Key points to consider include:
- Liability caps: is liability capped (and if so, how is it calculated)?
- Excluded losses: are “consequential loss” or loss of profit excluded?
- Warranties: are you promising outcomes that are hard to control?
- Indemnities: are you taking responsibility for losses caused by the other party or third parties?
As a general rule, you want liability to be proportionate to the value of the deal and the risks you can realistically manage. If the contract includes broad exclusions or complex risk allocations, it’s worth getting a lawyer to review before you sign.
What Laws Apply To Long-Term Contracts In New Zealand?
Even if you have a signed contract, New Zealand law still shapes what you can and can’t do, and how a dispute might be resolved.
Some of the key legal areas that commonly affect long-term contracts include the following.
Contract Law Basics (Offer, Acceptance And Intention)
Most long-term contracts will be formal written agreements, but contract disputes still often come down to basics: what was agreed, when it was agreed, and whether both parties genuinely intended to be bound.

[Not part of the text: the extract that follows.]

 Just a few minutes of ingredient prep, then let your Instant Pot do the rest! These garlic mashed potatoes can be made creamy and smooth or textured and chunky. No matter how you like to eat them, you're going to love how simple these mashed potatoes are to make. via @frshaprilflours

If you’re negotiating a long-term deal, be careful about signing documents that are described as “binding” earlier than you intend. For example, a deal might become binding even if you think you’re still negotiating key details. That’s why it’s important to understand what makes a contract legally binding before you commit.

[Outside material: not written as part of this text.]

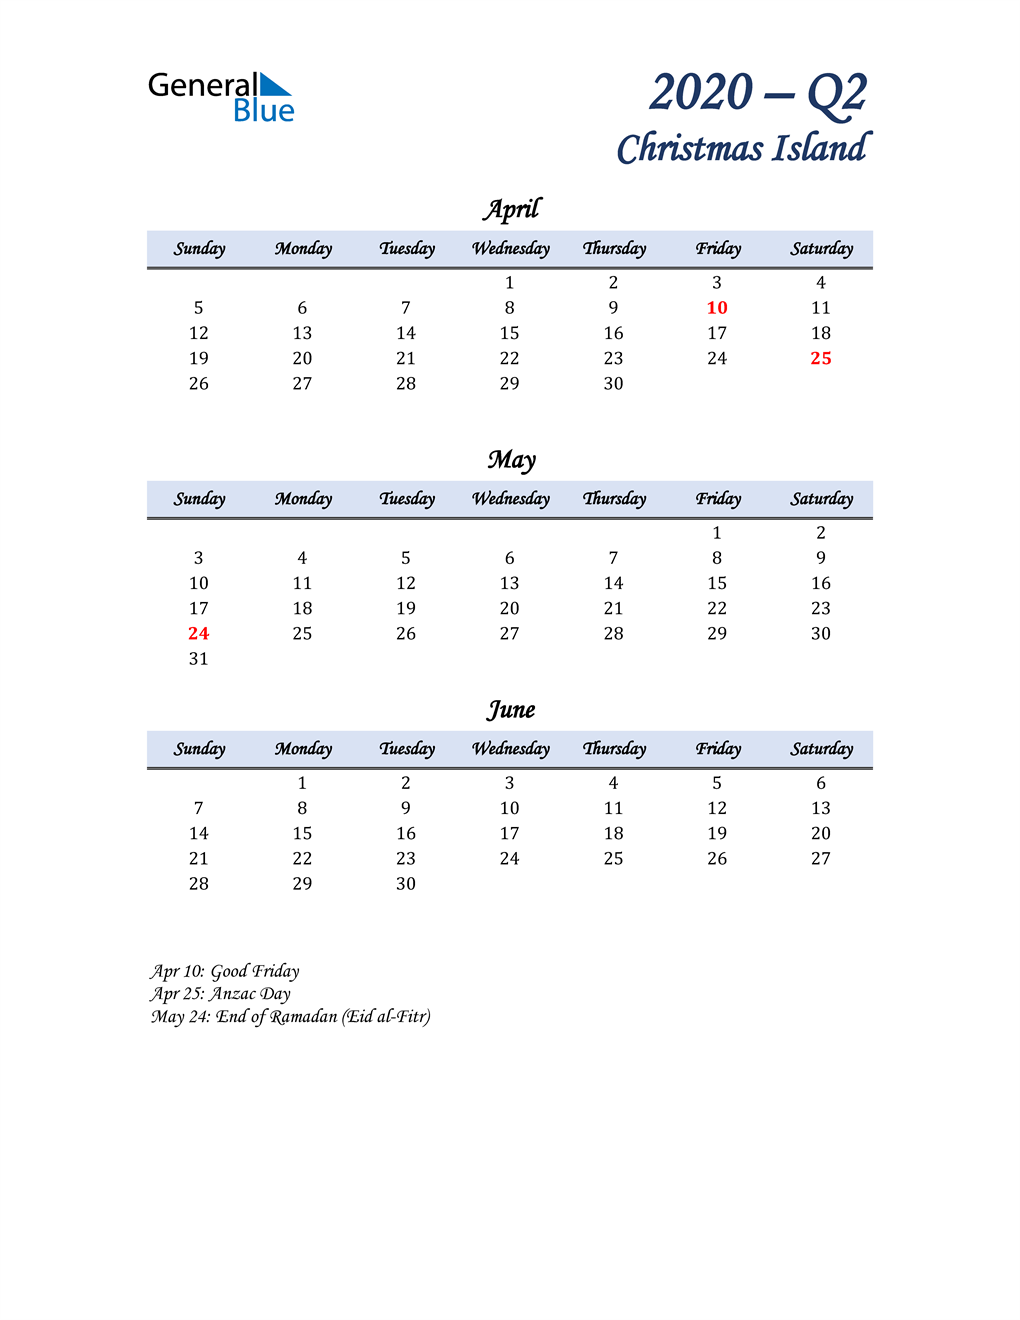  April, May, and June Calendar for Christmas Island

Fair Trading Act 1986 (Marketing And Misleading Conduct)
If you’re entering long-term supply or service arrangements, the way you describe your offering matters.
The Fair Trading Act 1986 generally prohibits misleading or deceptive conduct in trade. That can include:
- overstating performance outcomes;
- promising service levels you can’t deliver;
- unclear pricing representations; or
- misleading “discount” claims tied to long commitments.
In practice, this means your long-term contract should match what you’ve been saying in proposals, pitches, and emails. If the sales conversation and the written agreement don’t align, that’s a risk area.
Consumer Guarantees Act 1993 (If You Deal With Consumers)
If your long-term contract involves supplying goods or services to consumers (not just other businesses), the Consumer Guarantees Act 1993 may apply and can create non-excludable guarantees around acceptable quality and reasonable care and skill.
Some businesses can contract out of certain Consumer Guarantees Act obligations in business-to-business dealings, but only if specific legal requirements are met (including that the goods or services are supplied for business purposes and the contracting-out clause is fair and reasonable in the circumstances).
If you’re not sure whether your customer is a “consumer” or a business buyer-or whether you can legally contract out-it’s worth getting advice before relying on a broad “no refunds” or “no liability” clause.
Privacy Act 2020 (If The Contract Involves Personal Information)
Many long-term contracts involve ongoing access to customer data, employee contact details, or user information-especially if you’re providing marketing, IT, software, health, or admin services.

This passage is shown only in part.